William Shepherd has worked at IAH since the day it opened in 1969


July 1, 2011



  © Houston Airport System
  William Shepherd (far right) says it's the bond he feels with his co-workers that keeps him coming to work after 42 years.
 
One by one they approach his work station with the same nervous energy, often speaking faster than normal and sporting a facial expression that’s usually reserved for roadside emergencies.

But somehow, over the course of the next five to 10 minutes, each of these airline passengers manage to walk away from the area with a completely different demeanor, perfectly at ease with the entire situation. When asked about the sudden transformation, one passenger simply explains, “the man in charge over there said I was fine.”

The “man in charge” is 64 year-old William Shepherd and he’s been assisting passengers both mentally and physically at George Bush Intercontinental Airport for more than four decades.

Working for Prime Flight Aviation Services, Shepherd’s primary job function is to assist Terminal A passengers with the curbside check-in process. But “Shep,” as he’s known around the workplace, says his role goes well beyond simple data entry and baggage handling.

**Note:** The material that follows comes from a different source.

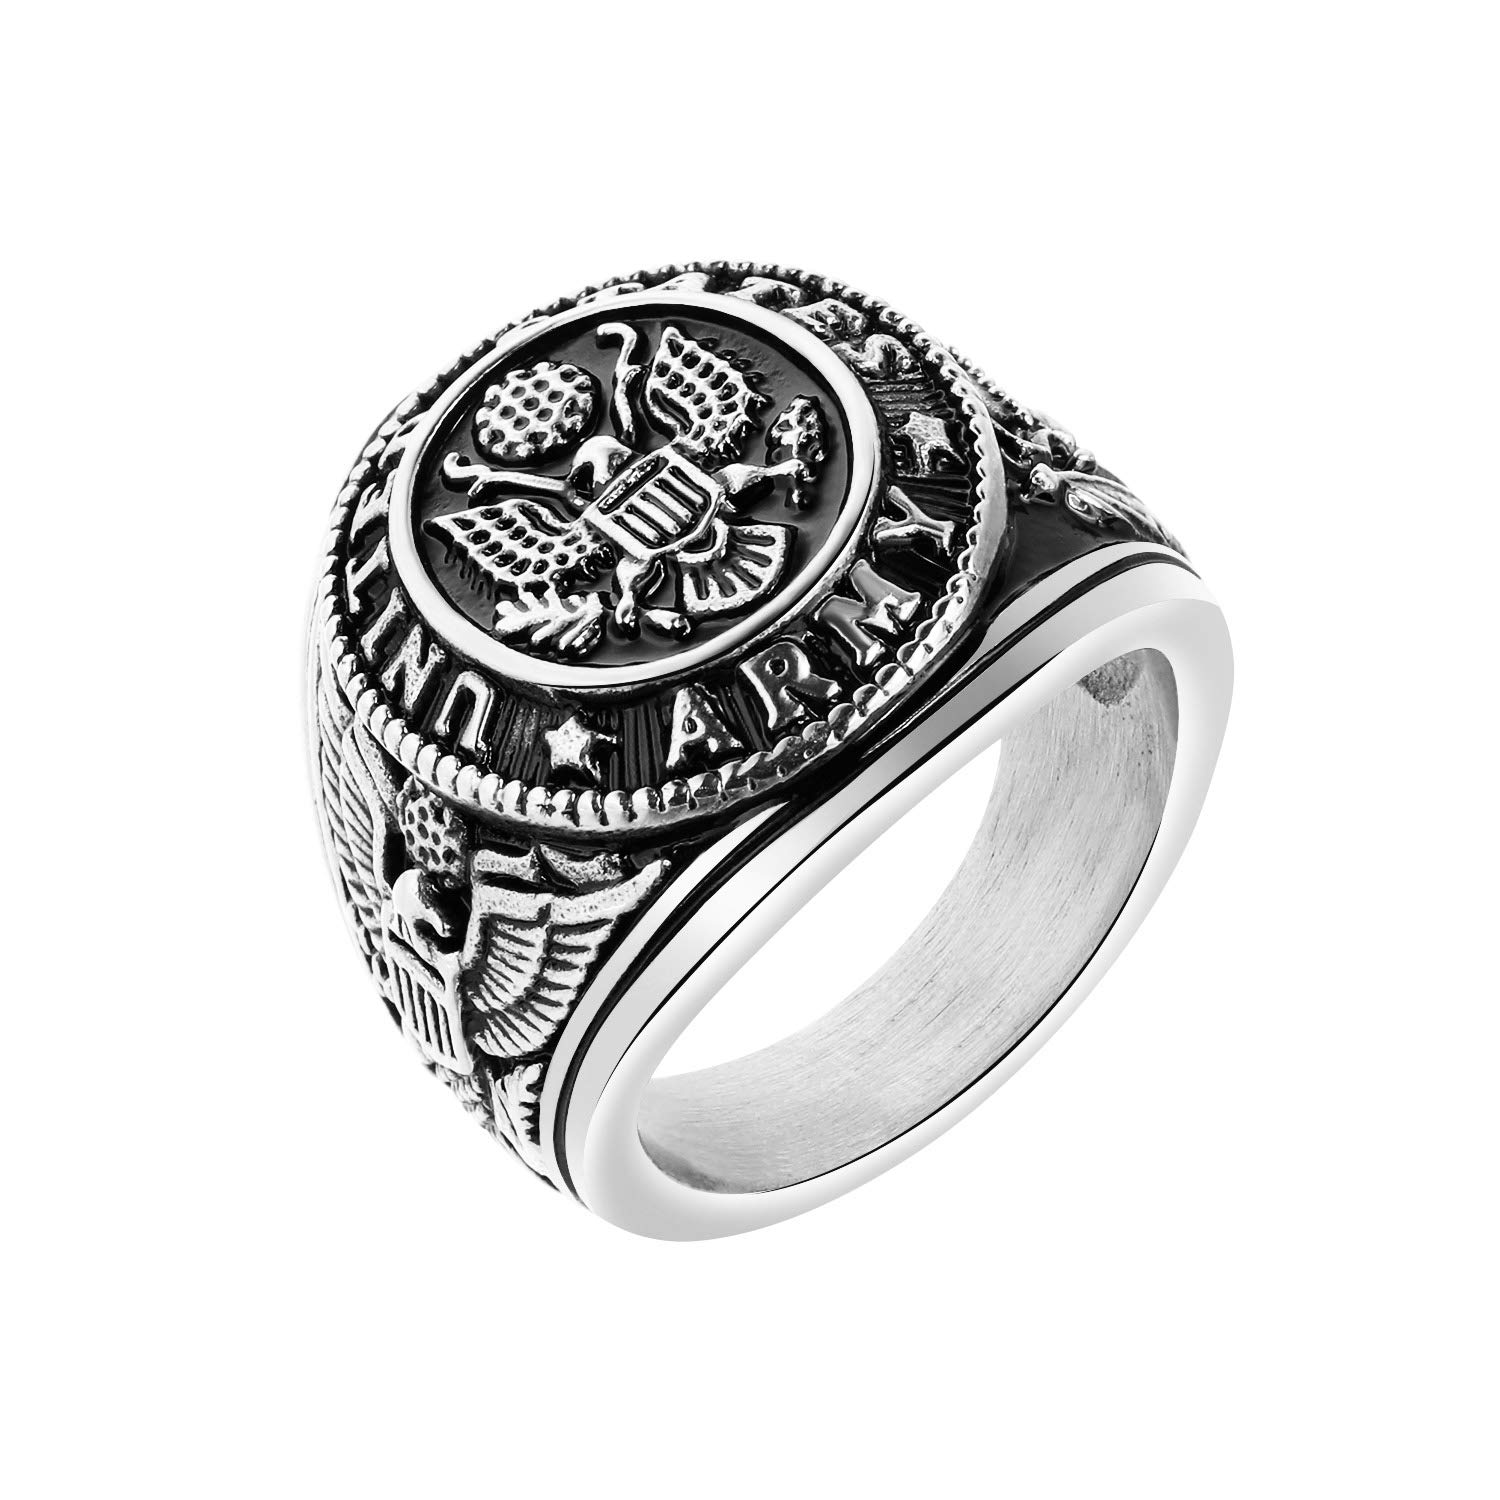 U.S.AIR FORCE military ring college ring JOSTENS company manufactured :  Real Yahoo auction salling
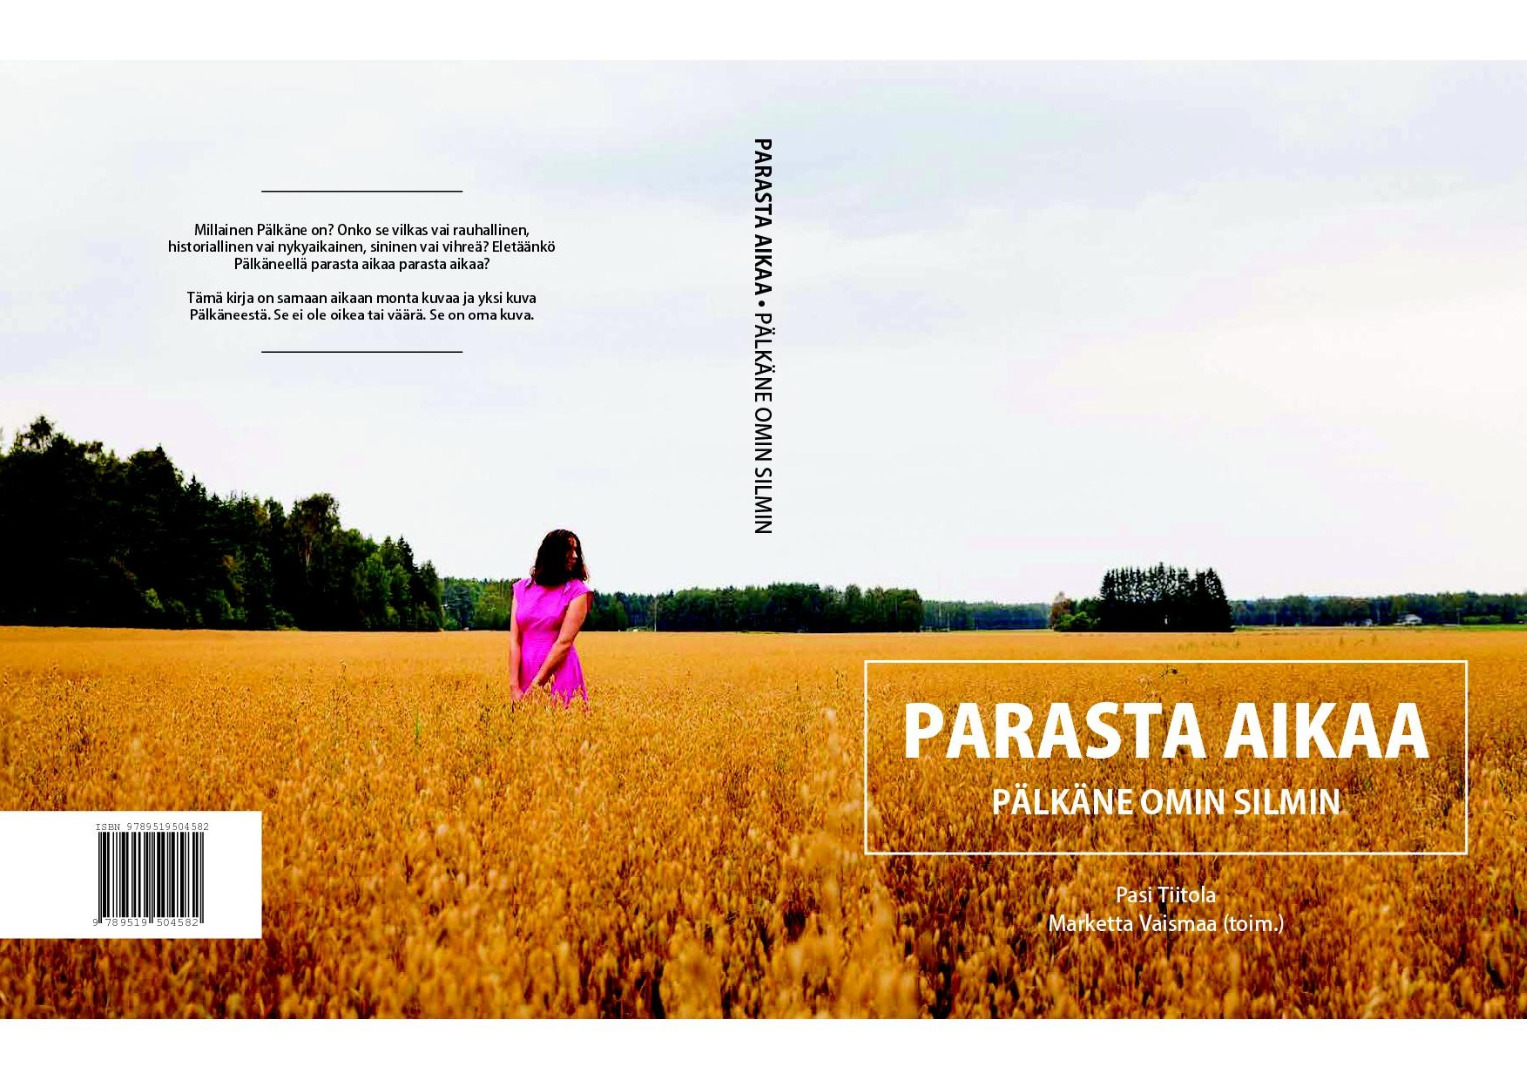 a logo that has a woman standing in a beautiful wheat field

“I absolutely believe that we are ambassadors for the airport and the city of Houston,” he says. “We’re the first ones that a lot of these people are going to come into contact with and that means their first impression is going to be based on how we treat them.”

It’s a belief and approach that Shepherd began developing about the same time that Neil Armstrong was launching giant strides on the surface of the moon. Told by a friend in 1969 that jobs were available at the “new” airport on Houston’s north side, Shepherd remembers undergoing training at a nearby hotel while the finishing touches were being applied at the two-terminal facility.

“It was very different back then,” Shepherd remembers. “We were wearing dress coats and white gloves and people would come out to the airport who weren’t even flying anywhere. They just wanted to see this new airport.”

Of course Shepherd would amass an amazing collection of stories over the next 40 plus years, meeting everyone from Sammy Davis Jr. to Muhammad Ali. One of his favorite stories involves singer Pearl Bailey, who passed through Houston after receiving a chair as a gift from President Richard Nixon following a White House concert. Speaking together outside the terminal, Bailey explained to Shep that her chosen airline didn’t want to allow her to transport the chair as luggage, despite the Presidential back story. Shep says he still laughs when he remembers Bailey’s solution. She simply bought the chair a first-class seat.

But it’s not the celebrities that have kept Shep coming back for more than four decades. “You have got to enjoy what you do and the people you work with,” he says.

“I get to argue politics and sports with people all day long and I get exercise at the same time. Most of the people I know who have retired wound up looking for another job somewhere so why in the world would I want to leave?”

Shep concludes that there is no reason to leave, and the rest of us can remain calm as a result.